Ника больше не слыхала ничего. Она огибала барак, шла куда‑то — от звука кашля: сейчас он не примет никакой лекарственной помощи! От нее — и при них! — ни за что…
— Этот кретин такой хай поднял! — сказал, появляясь откуда‑то полураздетый Худой. — Никакой опасности не было! ц зачем вы, больной человек…
— Я тоже так думал! — хрипло отвечал Мориц. — Я ошибся: там загорелась сера! Как вы думаете, если бы барак вспыхнул, — вы видели клубы дыма над крышей? Кто бы отвечал за пожар? После моего отказа открыть двери! Я больной человек, да, — но я, я человек… (кашель мешал говорить, а если бы…)
— Ну пусть бы он разбивал стекла — кричал Худой. — Пес с ним, зачем вы‑то…
Мориц махнул рукой — на него, на кашель, все продолжавшийся, и пошел прочь от барака, махая и другим — уйти…
Ника шла прочь от барака — в другую сторону, не от дыма, а от людей и от Морица, не зная, куда идёт. "В одну минуту можно прожить целую жизнь", — говорит где‑то автор "Анны Карениной", а прошло много минут, пока Ника вернулась в комнату, пробродив по мосткам и сходя с них, спотыкаясь и "вытирая морду", как она мысленно зло о себе сказала — про свои поздние, бесполезные слезы, — платка не было, шелковой шапочкой ("морда" была вся в слезах и опухшая), а они всё шли и всё шли.
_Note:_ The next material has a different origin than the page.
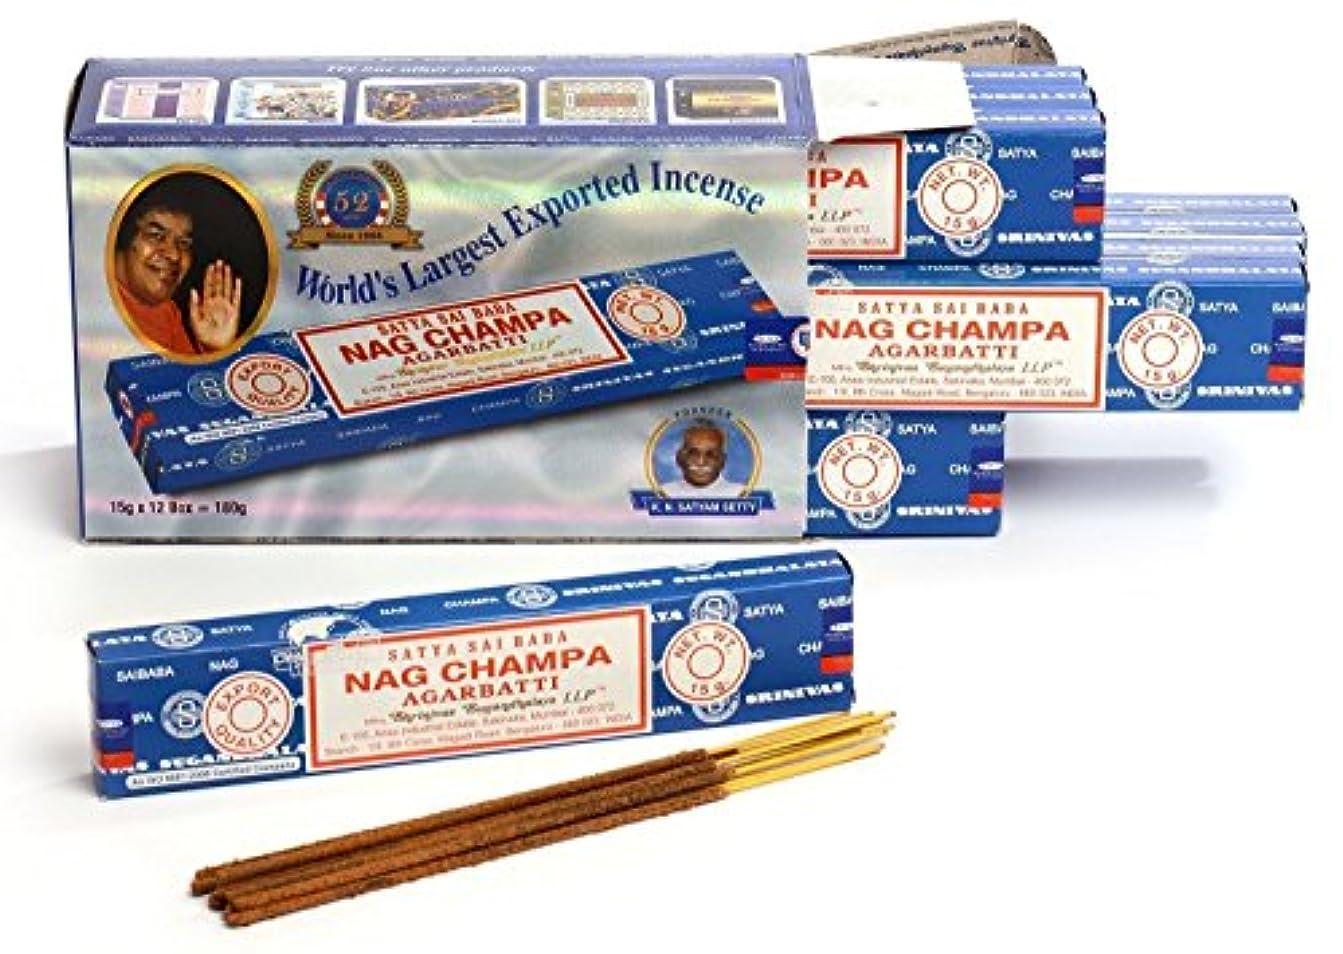 楽しませる富豪プランターSatya Sai Baba Sai Baba Nag Champa Agarbathi 15 gm X 12pkts

О чем она плакала? о вере ли своей в человека, в его обещание, о том ли, что заставила себя простоять у окна, чтобы не испытать перед людьми унижения — ценой которого она бы — может быть, добилась того, чтоб каверна не вскрылась, легкое бы не наполнилось серой! Может быть, сегодня не будет у него кровохарканья, ни завтра, но оно будет: через месяц, может быть? О том ли, что её тогда с ним не будет — о той ли женщине, которая мучается в разлуке с мужем и бессильно дрожит издали — "за климат, губительный, по врачебным сведениям, даже для второй стадии ТБЦ"? О том, что — это третья? О брате, умершем от этой болезни… Может быть, о той ночи своего детства, когда, подбежав ночью к матери, увидала чайную чашку с чем‑то темным, как черный кофе, но красней?.. "Кровь, — хрипло сказала мать, — позови кого‑нибудь… за доктором!" Это было в марте — а в июле мать умерла. Она вспомнит все это — потом. Сейчас она уж не плачет. Иссякло! Это хорошо, что так совершенно кончается. Когда не ищешь ответов — потому, что вопросы кончились. Все так ясно. Если б Мориц сделал это — спасая оттуда ребенка… Если б он погиб из‑за этого даже — ради ребенка! — она бы в слезах отчаяния Утешала бы себя тем, что иначе не мог — вошёл, чтоб спасти! Долг чести — и каверна не выдержала… Рана бы её вечно сочилась, но возразить нечего! Тут… Ника стоит близ барака у окна, за которым час назад стояла так по–другому, полная веры в данное человеком обещанье, — и уже нет человека… Как просто! Туда вошёл комок нервов, клубок петушиного гонора (надоело ему слушать крики пожарника!). О, если бы тут был Виктор, он бы не бросился — сам?!